In der Welt gibt es nichts ewig — hat die Existenz den Anfang und, und wennschon, so kann und die Seelen nicht sein. Der Mensch besteht von fünf : körperlich (, «ÚÒÚÑ¡¿® (, der Erkennung (), der Impulse () und des Bewusstseins (. Nach dem Tod wird der große Teil zerstört.

Andere wichtige Lagen des Lernens des Buddhas sind drei des Daseins (: ßÔÓáñá¡¿Ñ (, die Veränderlichkeit () und die Abwesenheit der unveränderlichen Seele (), sowie das Lernen über den Entstehen alle óÑÚÑ® (.

Der Mangel der Konzeptionen besteht darin, dass sie den Rand zwischen sozial und biologisch waschen, setzen den Menschen und das Tier gleich, machen die moralischen Werte zu den Biologischen gleich. Das Entstehen der Moral vom Lauf der natürlichen Evolution erklärend, verneinen die Vertreter der Ethik die qualitative Besonderheit der Geisteswelt der Persönlichkeit in Bezug auf die natürliche Umgebung, übertreiben die Rolle der natürlichen Wissenschaften im Verständnis und der Vervollkommnung der Moral, erniedrigen die Bedeutung der moralischen Erziehung.
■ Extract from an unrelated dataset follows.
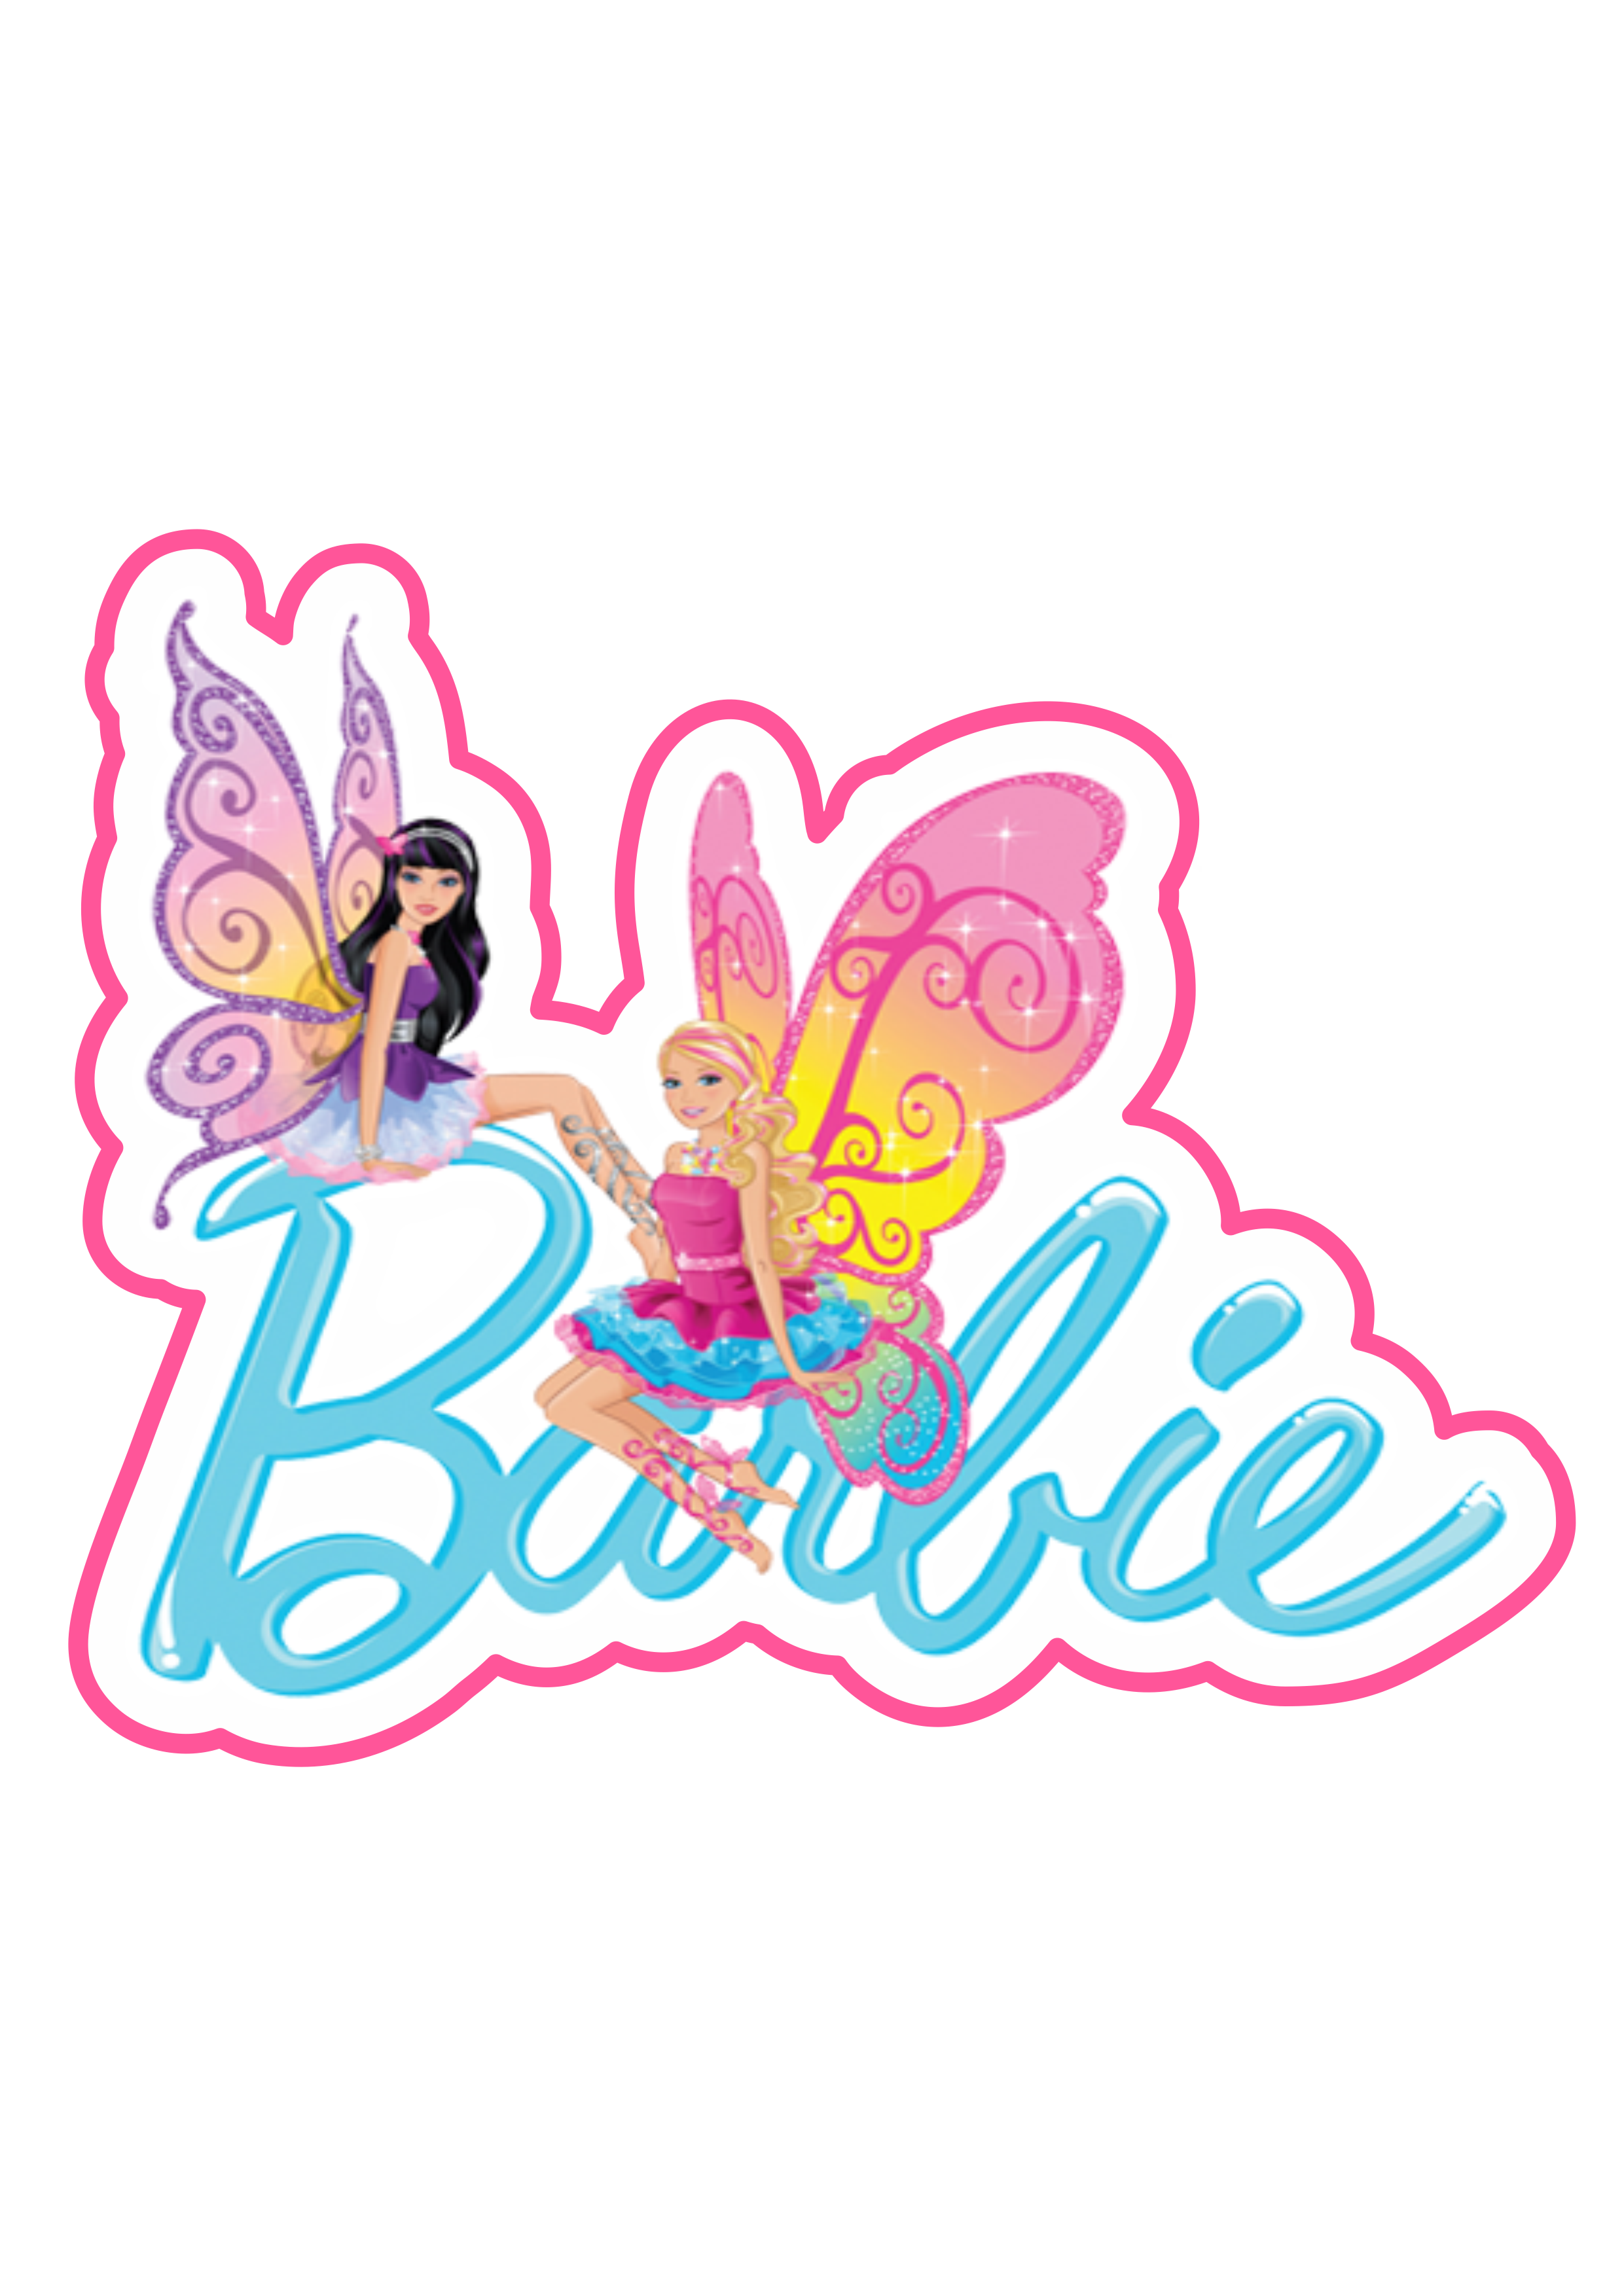 Barbie princesas borboletas imagem fundo transparente para designer e decorações png

Es existiert die Meinung, laut der die Ethik des Buddhas grundsätzlich. Es mindestens. Wirklich, der Aufstieg zum Nirwana bedeutet das Eintauchen in den absolut unpersönlichen, innerlich nicht zergliederten Zustand. Darin besteht die Rettung des Menschen. Jedoch verwirklicht es sich ausschließlich infolge der Bemühungen des Menschen, aufgrund seiner freien individuellen Auswahl. Aller klärt sich vom Maß der Tugendhaftigkeit der Absichten und der Taten des Individuums, die nämlich in der ganzen Gesamtheit der vorangehenden Geburten aufgedeckt werden. Da das moralische Schicksal des Menschen ihm vollständig kontrolliert ist und sind die Möglichkeiten seiner Rettung von nichts, außer seinen eigenen Sünden und den Fehlern beschränkt, so kann man nach diesem Merkmal die Ethik des Buddhas wie die Ethik der Persönlichkeit vollkommen qualifizieren. Wie der Buddha meint, soll sich der Mensch, um als moralische Persönlichkeit behauptet zu werden, wie das isolierte empirische Individuum siegen. In diesem Sinn ihm kann man das vorwerfen, was er der Begriff der Persönlichkeit äusserst ist.